Universit y Policy Analysis for California Education 


Making California Data More Useful for Educational Improvement 


Meredith Phillips 
University of California, Los Angeles 


Sarah Reber 
University of California, Los Angeles 


Jesse Rothstein 
University of California, Berkeley 


Acknowledgments 


We thank Elizabeth Dabney, Jon Fullerton, Dan Goldhaber, Chris Kingsley, Heather Hough, 
Helen Ladd, Jay Pfeiffer, Morgan Polikoff, Evan White, and participants at the Getting Down to 
Facts Il meetings for helpful conversations and comments on earlier drafts. We are grateful to 
Elsa Augustine and Rachel Young for excellent research assistance and to the Getting Down to 
Facts Il project funders and the Laura and John Arnold Foundation for financial support. The 
views expressed are those of the authors and do not necessarily reflect those of the funders. 


Abstract 


Modern computing technology makes it possible for governments at all levels to use the 
data they already collect to improve service coordination and delivery, and to conduct research 
and evaluation to inform policymaking. California is well behind other states in taking 
advantage of this opportunity, in education and in other fields. The state has a patchwork of 
data systems that are not well integrated and do not provide satisfactory answers to the state’s 
most important policy questions. A particular need is for better linkages across providers — for 
example, between K-12 and higher education, or among the state’s three public higher 
education systems. 


Regional collaborations have developed to fill this need. While these efforts are 
important and valuable, they are also difficult to set up, and necessarily leave large gaps. 
Regional efforts are not an adequate substitute for statewide systems. 

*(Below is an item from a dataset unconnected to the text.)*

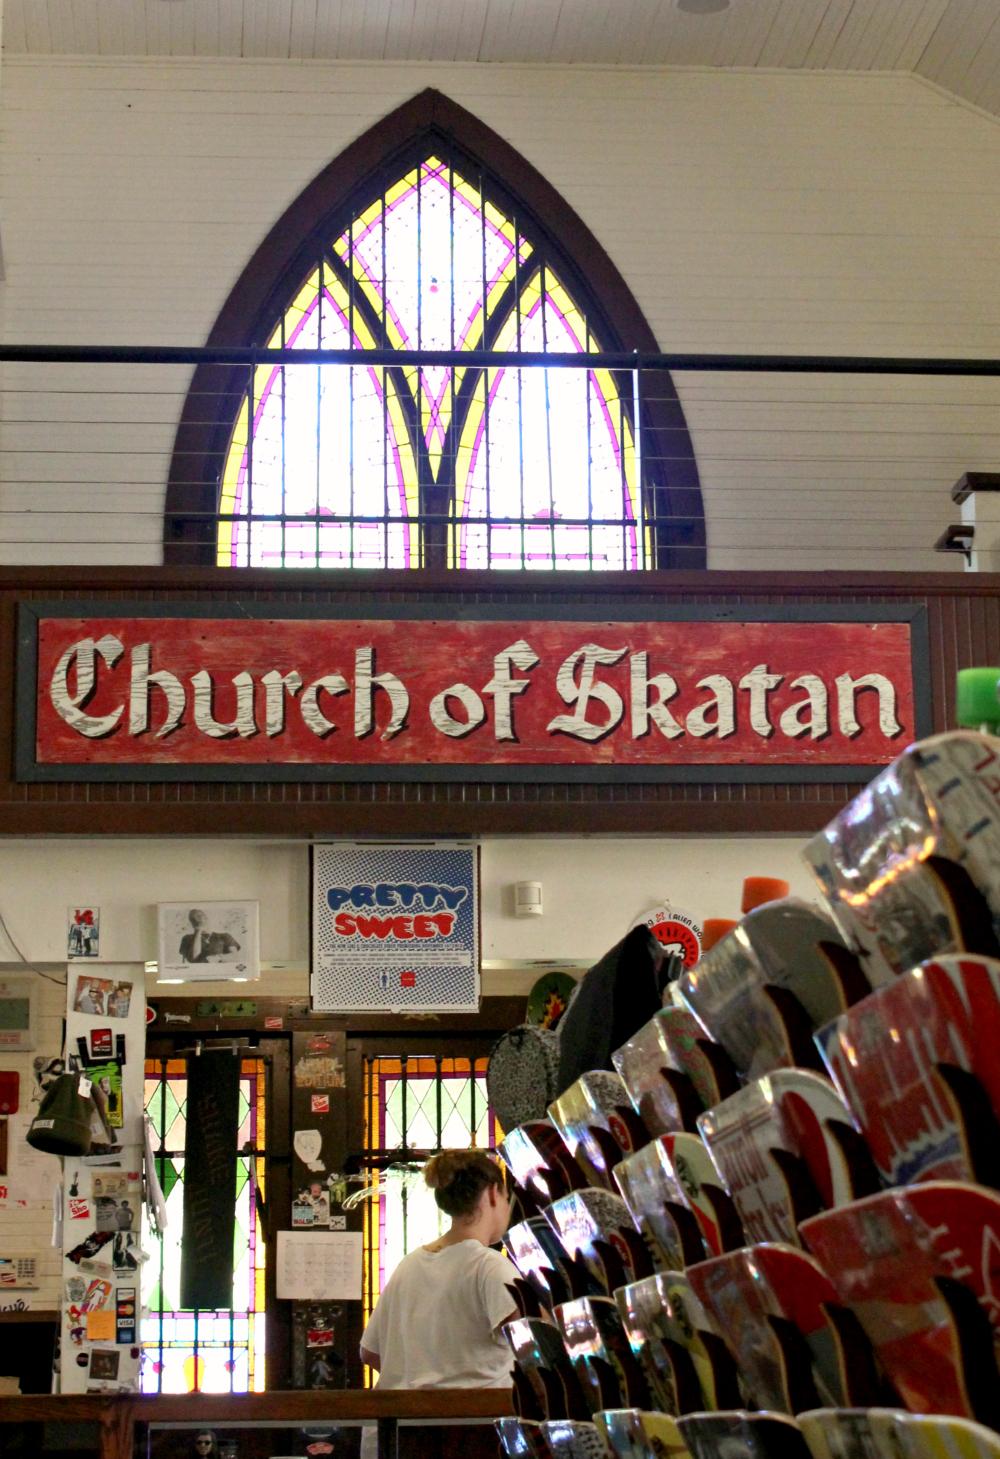 church of skatan / skateboard shop / santa barbara california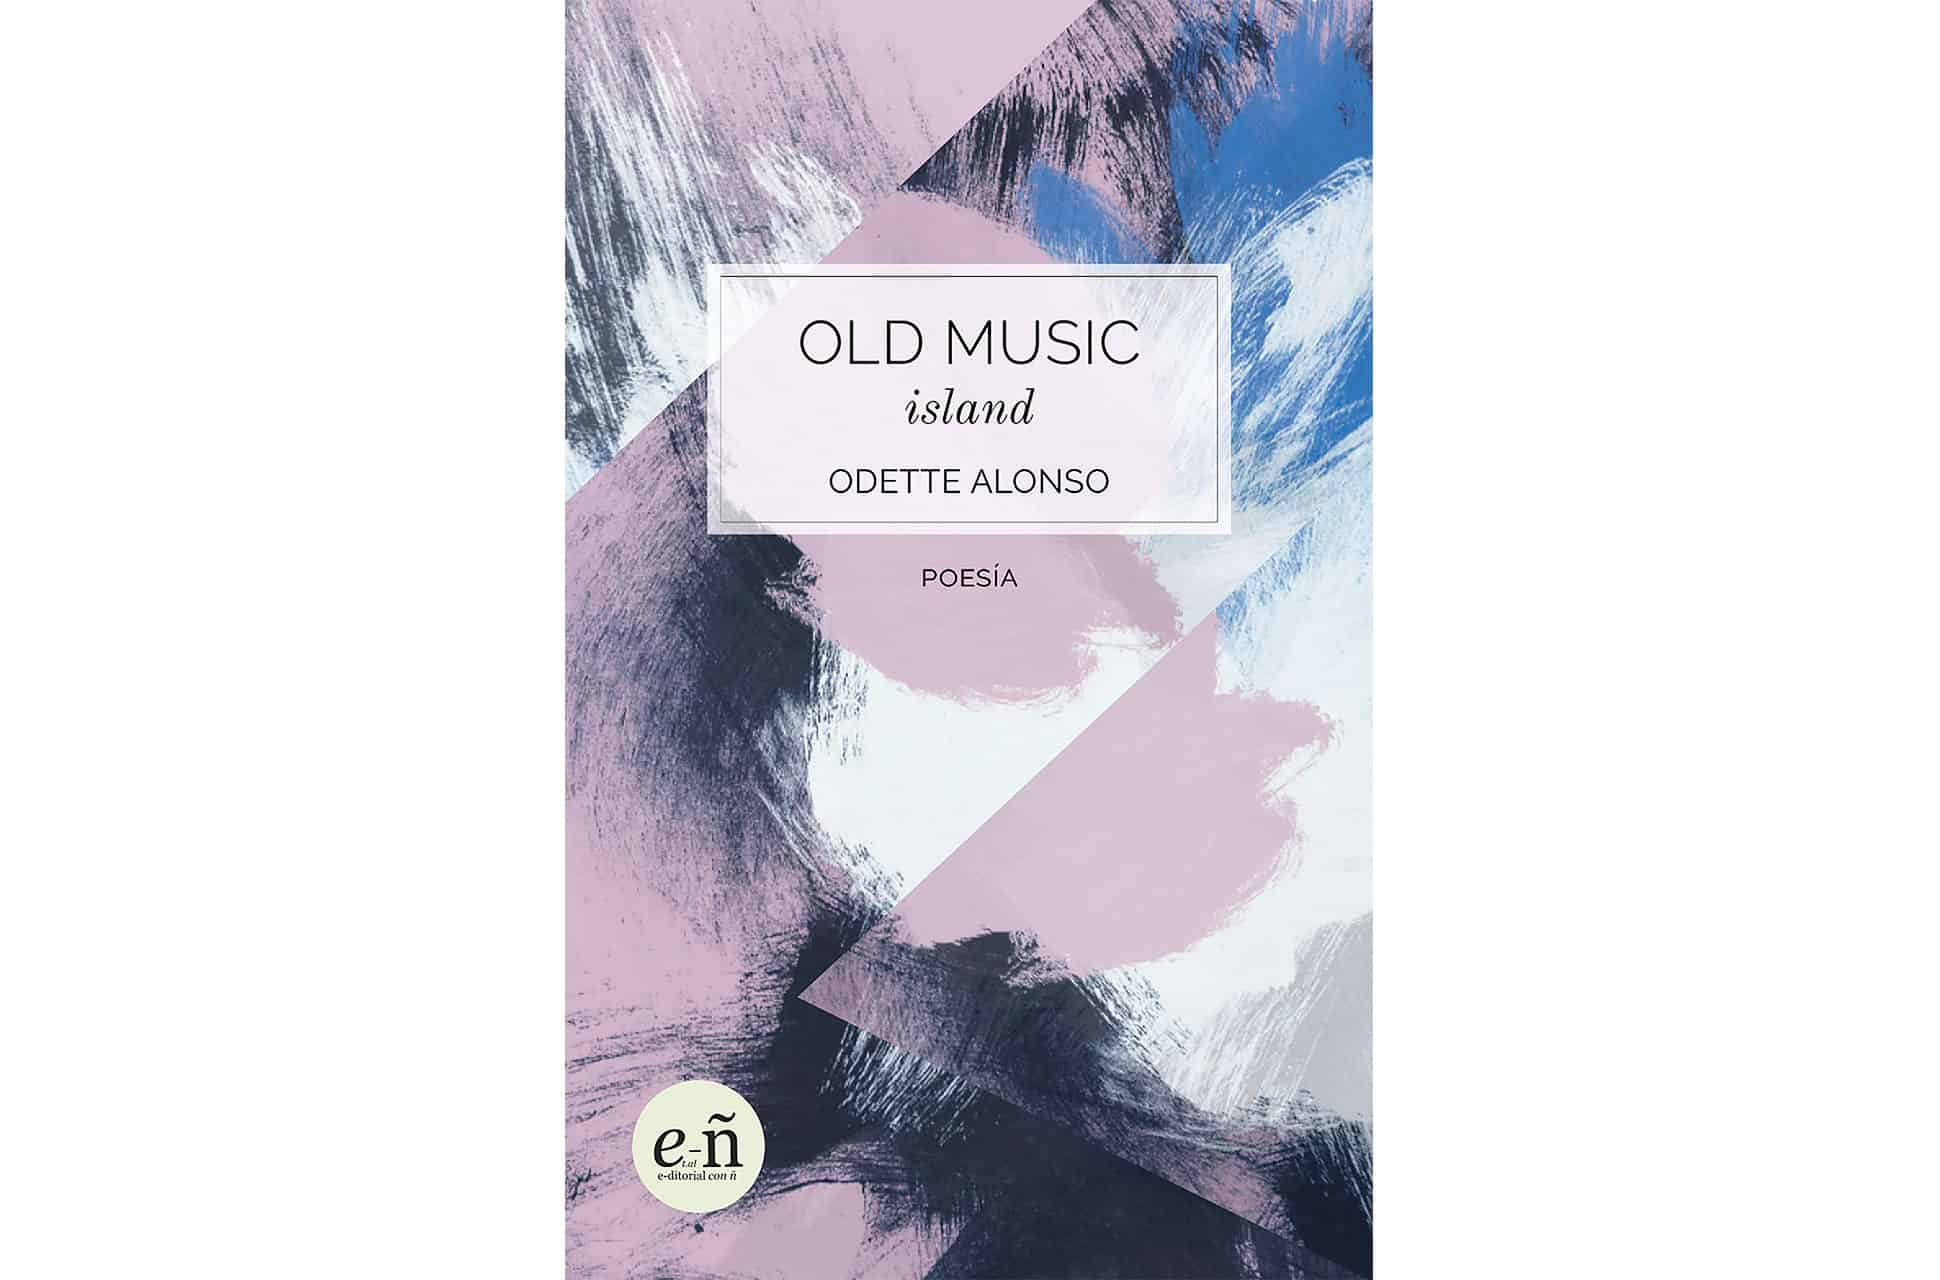 Ocho grandes libros de la literatura LGBTQ old-music-island-odette-alonso

While there are political, technological, and organizational barriers to the creation of 
improved statewide data systems, they are not insurmountable. Other states have overcome 
these barriers and demonstrate the substantial value of better data systems. Enormous IT 
projects are not required — significant progress can be made at relatively low cost, given 
political will to overcome bureaucratic and organizational inertia. 


A stronger statewide data infrastructure is an essential part of a modern education 
system today and will help California deliver a world-class education to its students.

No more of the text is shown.